Grace's Guide is the leading source of historical information on industry and manufacturing in Britain. This web publication contains 147,919 pages of information and 233,587 images on early companies, their products and the people who designed and built them.

Bridge 74A, Leeds and Liverpool Canal

From Graces Guide
'Orthogonal' skew arch. Peter Robinson (http://www.towpathtreks.co.uk), CC BY-SA 3.0 <https://creativecommons.org/licenses/by-sa/3.0>, via Wikimedia Commons

This is a most impressive skew arch bridge built to carry the Bolton and Preston Railway over the Leeds and Liverpool Canal at Cowling, south of Chorley.

Built by Alexander James Adie to an orthogonal or 'logarithmic' pattern proposed by Edward Sang. Some sources give a build date of 1838, but the report below suggests that it had not been built by January 1841.

Photos here and here.

Geograph entry, with map, here.

See here for photographs and an expert insight into the design principles of this bridge.[1]

1841 Report by A. J. Adie: 'Contract No. 3. ..... The Bridge over Cowlin Brook (above Yarrow Bridge) is well advanced, and will soon ready for turning the Arches. The only other Bridges of consequence on this contract are yet to complete is a skewed Bridge over the Lancaster Canal, for which a temporary wooden Bridge has in the meantime been substituted for the passage of the earth to forward the banking, and a Bridge with skewed ends, similar to those built in Bolton, which is to carry the Chorley Turnpike Road over the Railway. Messrs. Nowell can easily finish these Bridges in time, and it is expected that they will make every exertion to drive forward the cutting at the beginning of their contract.'[2]
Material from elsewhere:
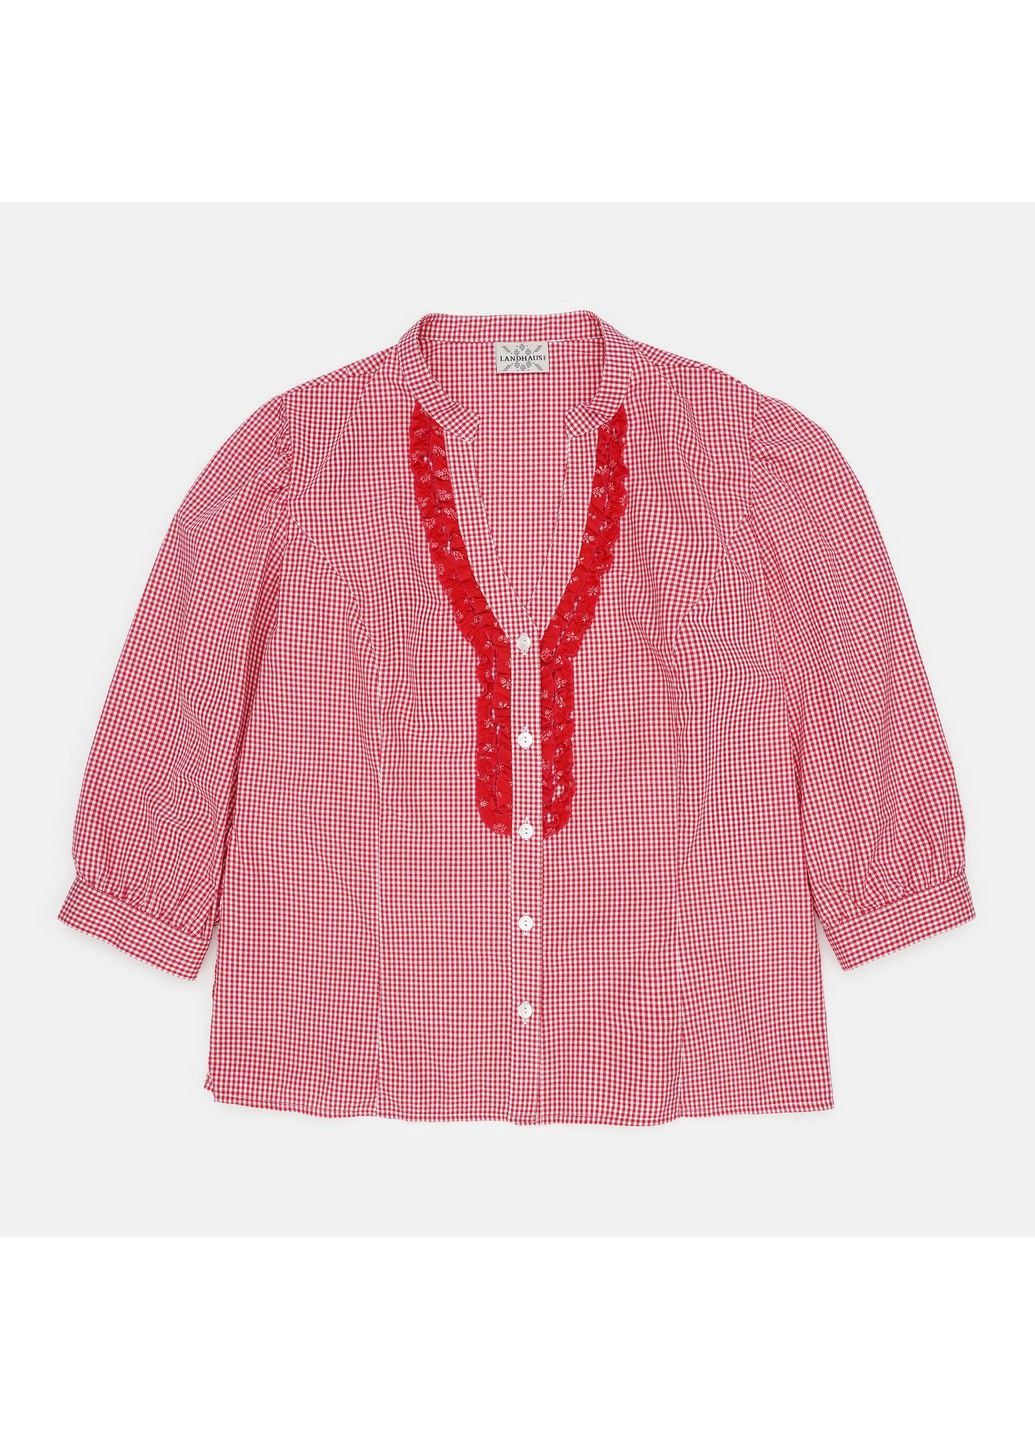 Червона демісезонна блуза C&A

1842 Minutes of Proceedings of the Institution of Civil Engineers [3]

'On the Construction of the Bridges on the Bolton and Preston Railway’ by A. J. Adie.

'This Paper, which was written at the request of General Pasley, and by him communicated to the Institution, contains a description of the bridges over the Cowlin Brook, the Lancaster Canal, and the Chorley Road….

'The Lancaster Canal Bridge was originally intended to have been a direct span of 60 feet, constructed of iron, but the directors subsequently decided on building a skewed stone arch of 25 feet on the right angle. The arch is semi-elliptical on the square, with a transverse axis of 41 feet 2 inches, and a semi-conjugate axis of 8 feet 9 inches; the arch stones are 2 feet 3 inches on the square at the springing, and 1 foot 6 inches at the key stone; the bed joints intersect at right angles all the lines of sections of the intrados, made by vertical planes, parallel to the elevation; and it is that property that causes the chamfer lines of the beds of the stones to diverge from the springing to the crown. These lines of curved joints are easily laid down on the sheeting of the centres from a full-sized development, and by the lines drawn at the different heights parallel to the springing of the arch. The lines of the radiating bed joints are always perpendicular to the tangent of an ellipse of the same form as the elevation of the bridge, the moulds used to form this being applied in the plane of the elevation. The twist on the length of the beds of the courses was taken from full-sized skeleton moulds of the form of the oblique ellipse or elevation. The five courses running parallel to the abutment are all of the same form and have the same amount of twist on the beds of each stone, except the end stones of the courses, which are varied in length to suit the general breaking of the joints of the courses resting together. The centre part of the arch is plain square work.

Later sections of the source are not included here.